En 1354, Renaud de Waimes reconstruisit, avec l’accord du duc Wenceslas de Luxembourg, un château en s’appuyant sur certaines fondations et en intégrant à celui-ci des éléments des forteresses antérieures. Le fait que cette construction ait été autorisée par Venceslas Ier de Luxembourg prouve que Waimes dépendait à cette période du Duché de Luxembourg et non de la Principauté de Stavelot-Malmedy.

Renaud de Waimes n’ayant pas d’héritier, le château passa aux mains de son oncle Winkin, puis au fils de celui-ci, Jean, qui mourut en 1442. La fille de Jean de Waimes et Marie de Bastogne, Marie, héritera du château, avant d’y habiter avec son époux Jean de Zivelle, vassal du comte de Vianden.

Deux filles naquitent de ce mariage : Marie et Agnès. Cette dernière épouse Jean de Brandscheid, futur prévôt de Durbuy. Ils se fixement à Reinhardstein où ils enlèveront leur progéniture nombreuse. Jean rendit l'âme à Dieu en 1470 et son épouse convola alors en secondes noces Henri de Nesselrode. Un fils, Hadrien, naquit de ce mariage. À la mort d'Agnès de Zivelle, en 1479, les enfants du premier lit procédèrent au partage des biens, en en excluant leur demi-frère qui disposait pourtant des mêmes droits que les leurs.

En 1509, Adrien de Nassau accorda l'asile au prince abbé de Stavelot-Malmedy, Guillaume de Manderscheidt, menacé par Everard de La Mark, à qui il réclamait vainement la restitution de la forteresse de Logne. Durant un séjour de plusieurs années, l'abbé s'occupe de l'éducation des petits enfants de son hôte : Jean, Anne et leurs trois sœurs.

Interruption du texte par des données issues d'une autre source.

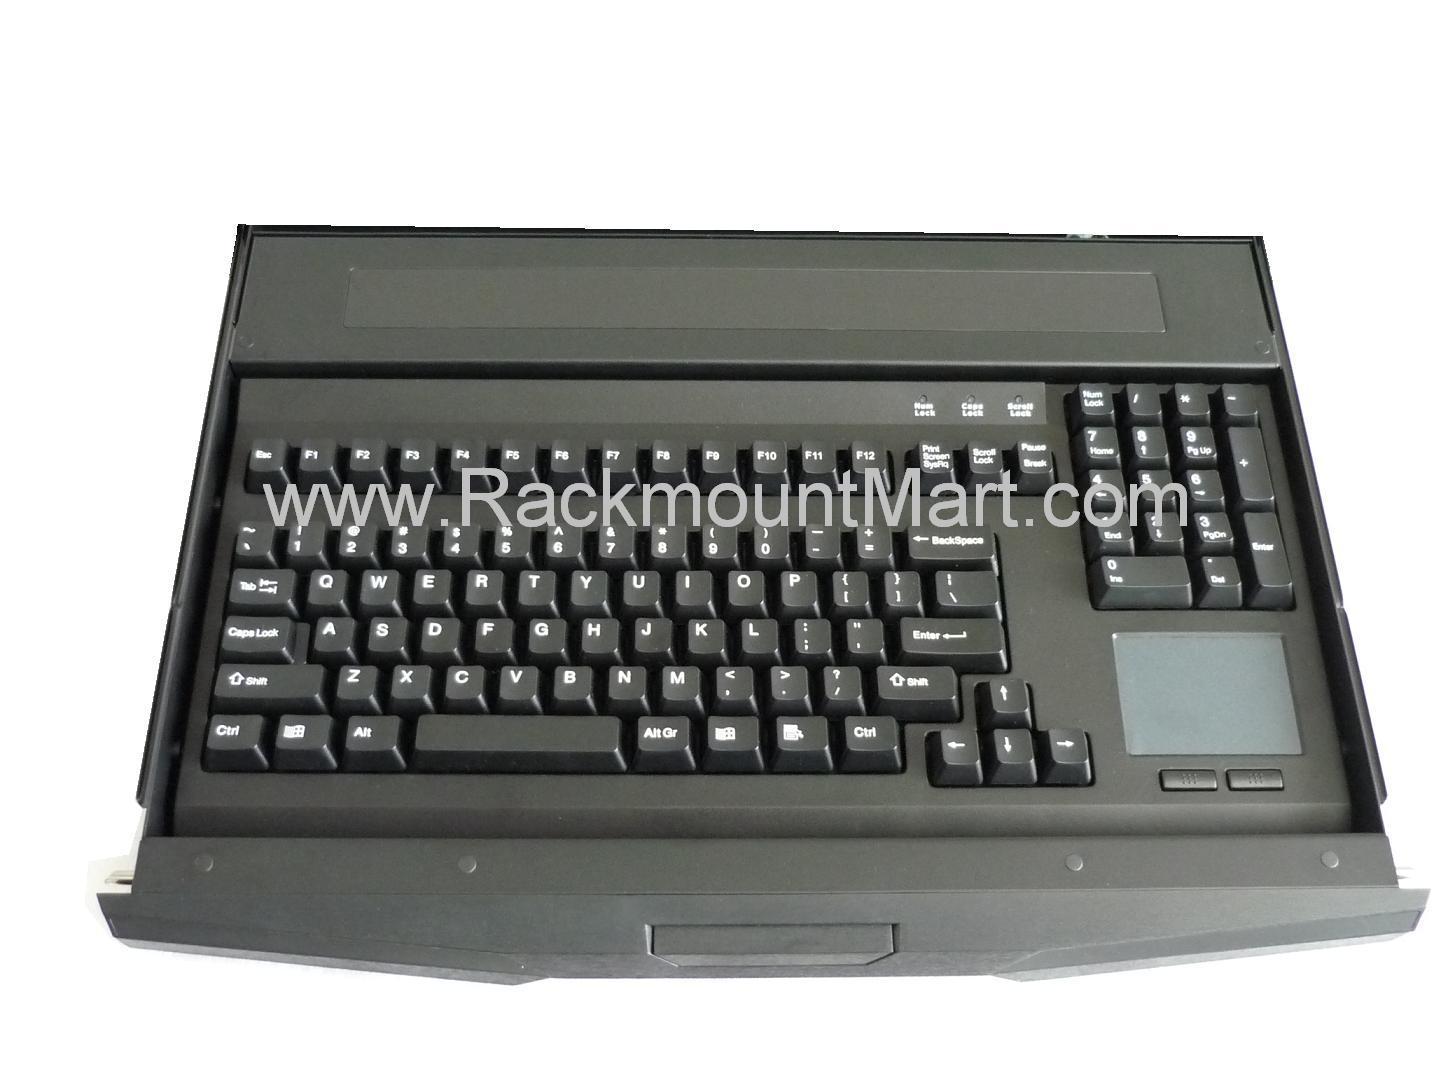 Lcdk1002 1u Rackmount Keyboard With Front Lock Optional

Adrien de Nassau disparu en 1513, douze années après le décès de son épouse. Le jeune comte Jean, époux de Madeleine de Hatzfeld eût le grand mérite de réunir sous une seule et même autorité tous les biens des seigneurs de Waimes et de Reinhardsteinn, largement dispersés à la suite des héritages féminins successifs. Lorsqu'il mourut sans descendance en 1556, sa sœur Anne reçut sa succession.

Elle contracta deux mariages : le premier avec le chevalier Bertram Kolf von Vettelhoven sans héritier, le second avec Guillaume de Metternich. Guillaume et son épouse disparurent respectivement en 1578 et 1584, laissant une héritière : Anne.

Devenue dame de Reinhardstein, celle-ci épousa en secondes noces (1579) Henry de Plettenberg, conseiller de l'Électeur de Trêves et bailli de Hillesheim et de Schönbergn. Henry mourut sans descendance en 1629. Débuta alors un long procès en retrait qui allait durer près de cent cinquante ans.

La première partie se termine en faveur de Théodore Adolphe, baron de Metternich, chambellan se Sa Majesté Impériale. Bien que marié à deux reprises, il succéda lui aussi sans héritiers.

La seigneurie revint alors à son neveu, Philip Emerich, comte de Metternich, époux de la baronne Élisabeth de Waldbott qui lui donna un fils. Les Metternich se succédèrent alors de père en fils pour en arriver à François-Georges, comte puis prince de Metternich, ministre plénipotentiaire de l'Empereur d'Autriche à Bruxelles et délégué impérial à Rastatt.

Son épouse, Marie-Béatrice, comtesse de Kageneck, lui donna un fils qui allait entrer plus tard dans l'Histoire : Clément Wenceslas Lothaire, prince de Metternich, futur chancelier de l'Empereur d'Autriche puis président du congés de Vienne de 1814 à 1815.

En 1812, le château fut abandonné et finit par être vendu à un entrepreneur en matériaux de construction. Ce dernier commença à démanteler le castel et à en revendre les pierres. Le pillage fut stoppé en 1815 après le congrès de Vienne qui fit passer les terres du château sous l’autorité du roi de Prusse. C’est alors qu’une première campagne de restauration fut entreprise.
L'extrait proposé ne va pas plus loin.